DATASET RECORDS →
....
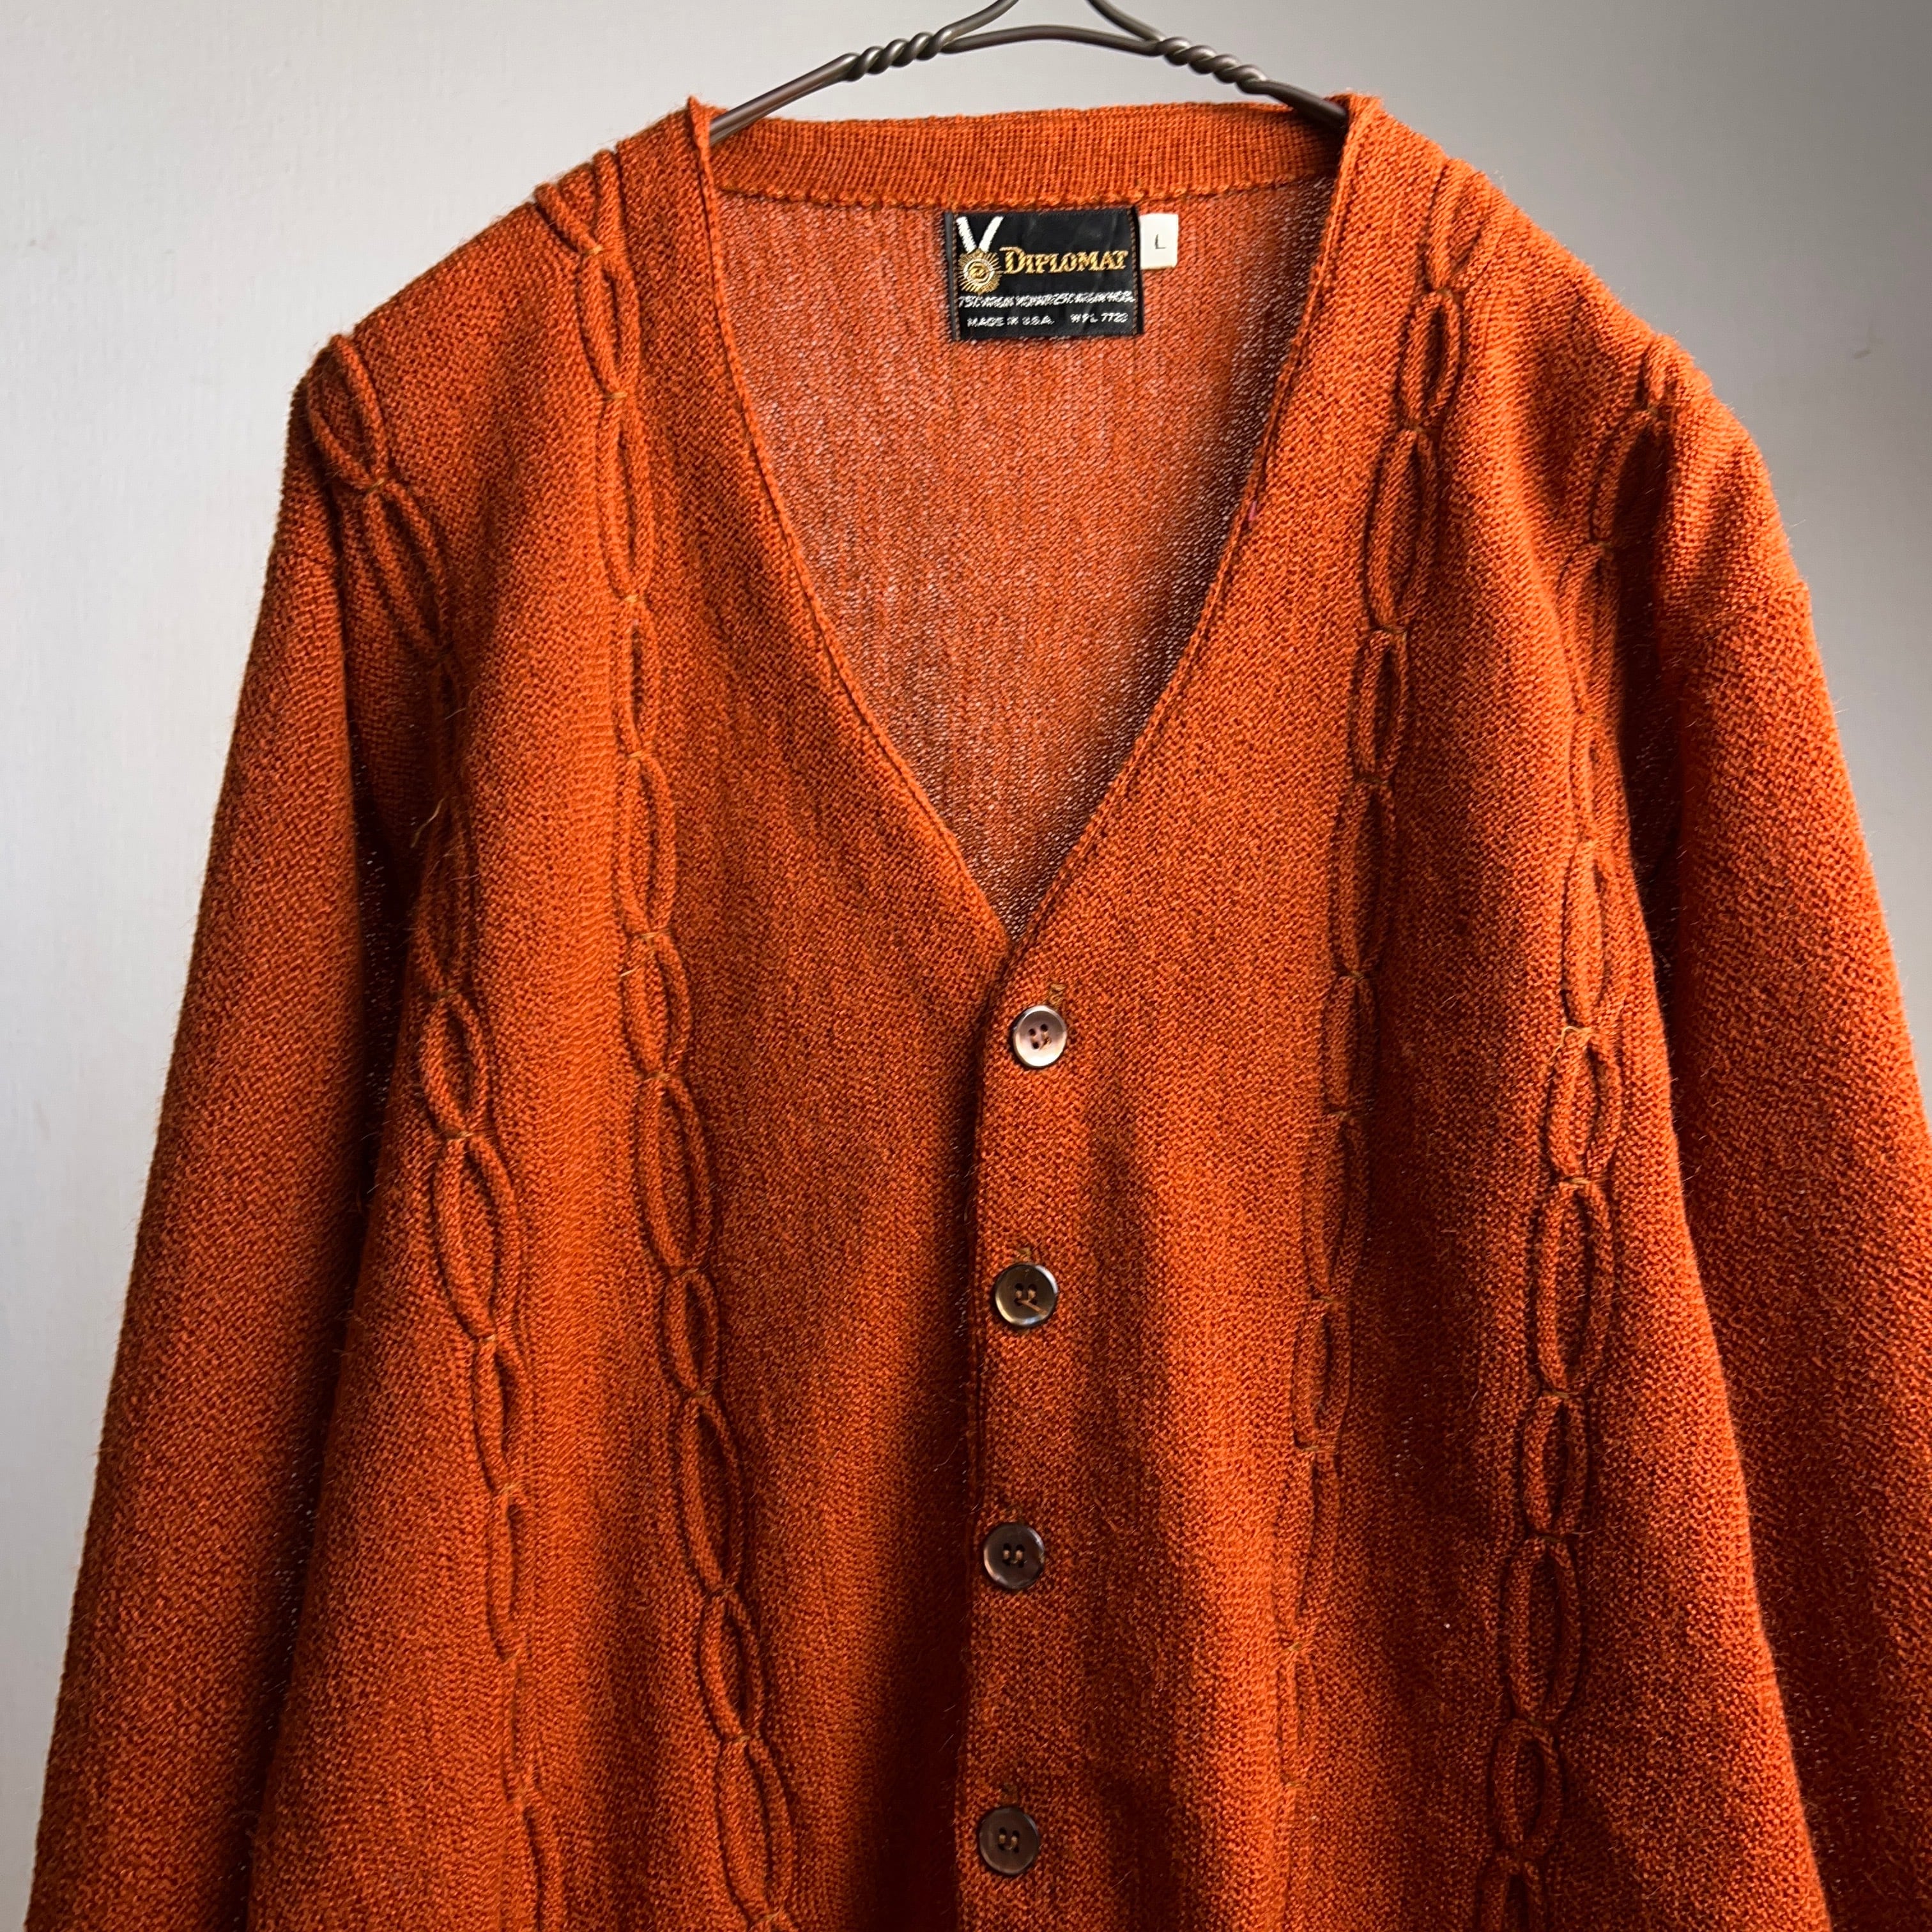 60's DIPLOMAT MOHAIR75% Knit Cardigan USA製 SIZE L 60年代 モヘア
....
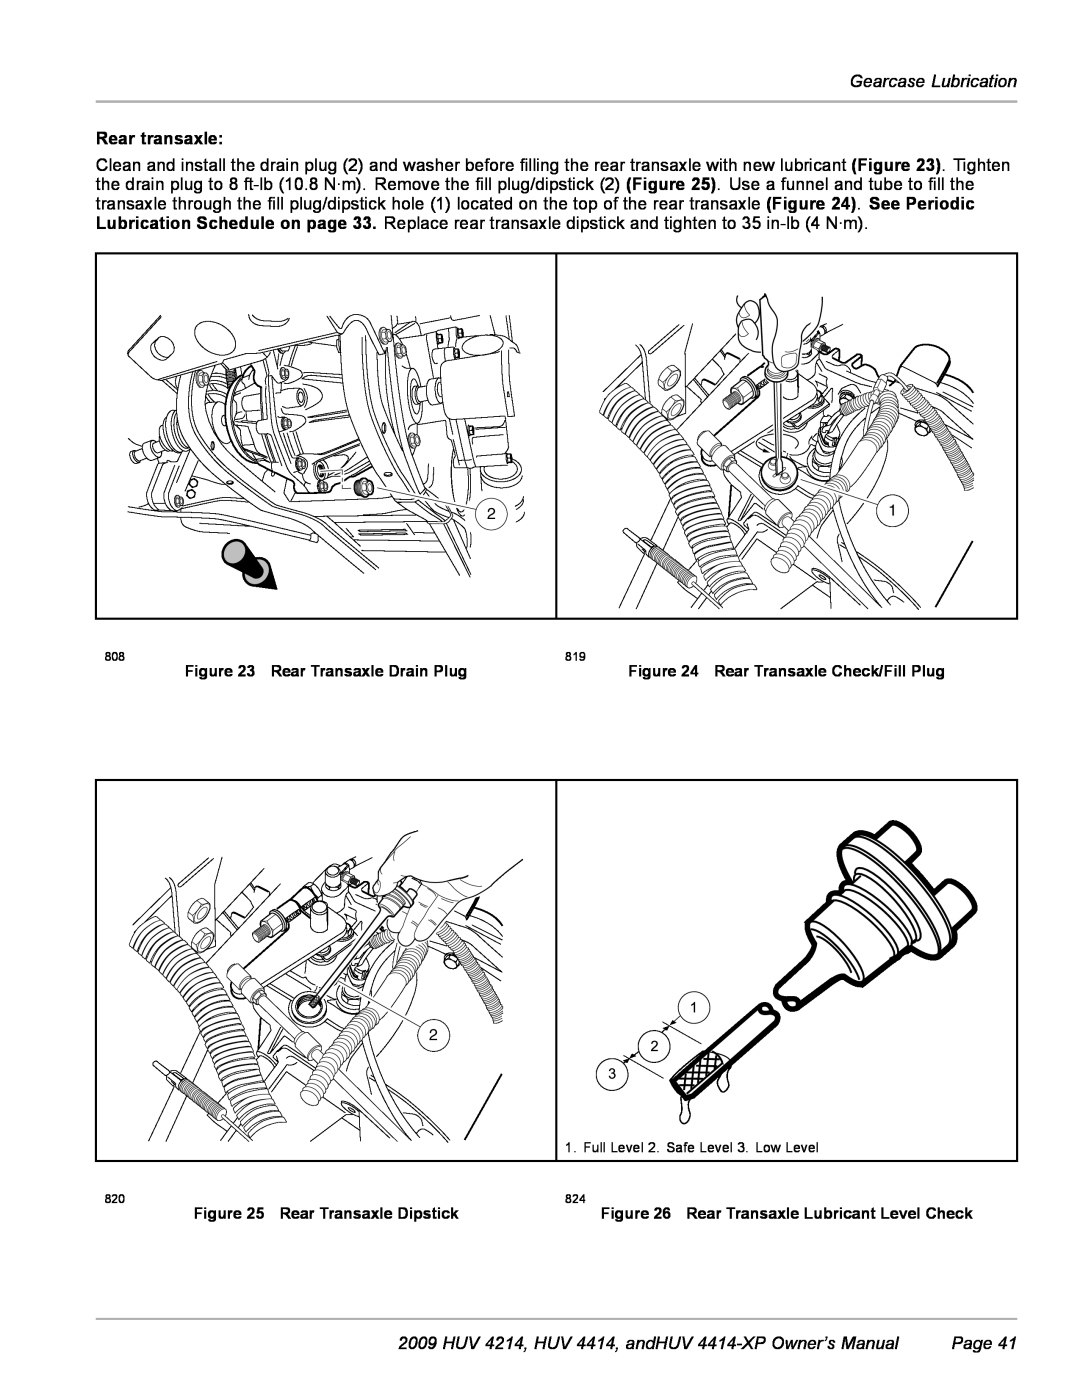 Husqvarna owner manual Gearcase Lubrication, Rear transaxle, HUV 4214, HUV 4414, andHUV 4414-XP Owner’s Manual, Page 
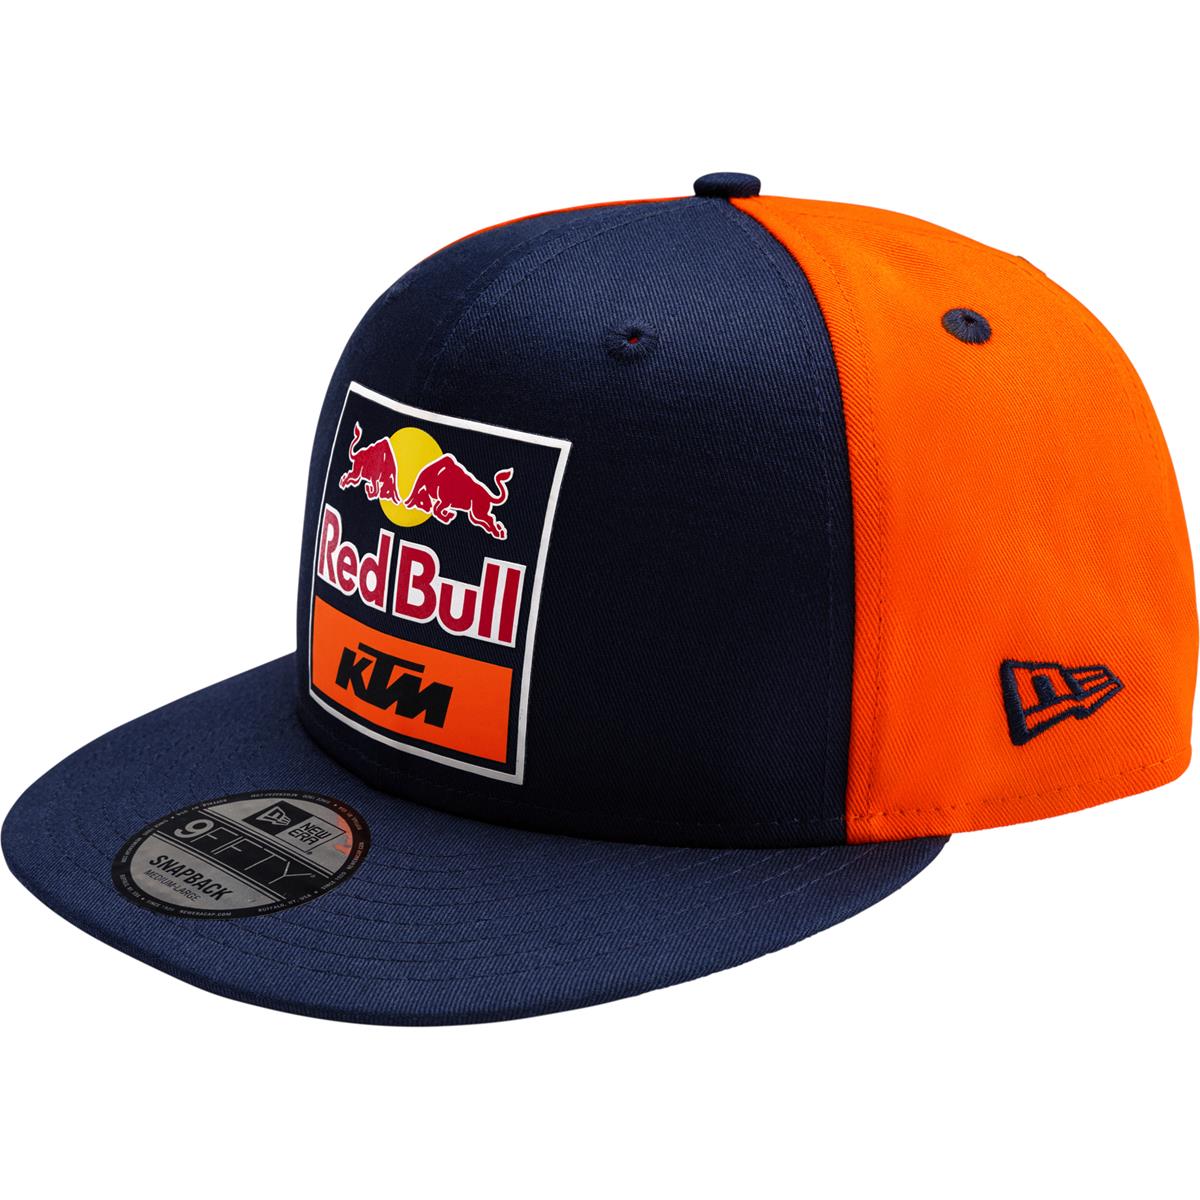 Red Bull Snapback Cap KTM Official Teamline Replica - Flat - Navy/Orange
....
PROMPT →
Above are the records. Copy only the lines from the one with "Husqvarna owner manual" through the one with "Red Bull Snapback", exactly, with no pictures.

REPLY TO THE TASK →
 Husqvarna owner manual Gearcase Lubrication, Rear transaxle, HUV 4214, HUV 4414, andHUV 4414-XP Owner’s Manual, Page 
 Red Bull Snapback Cap KTM Official Teamline Replica - Flat - Navy/Orange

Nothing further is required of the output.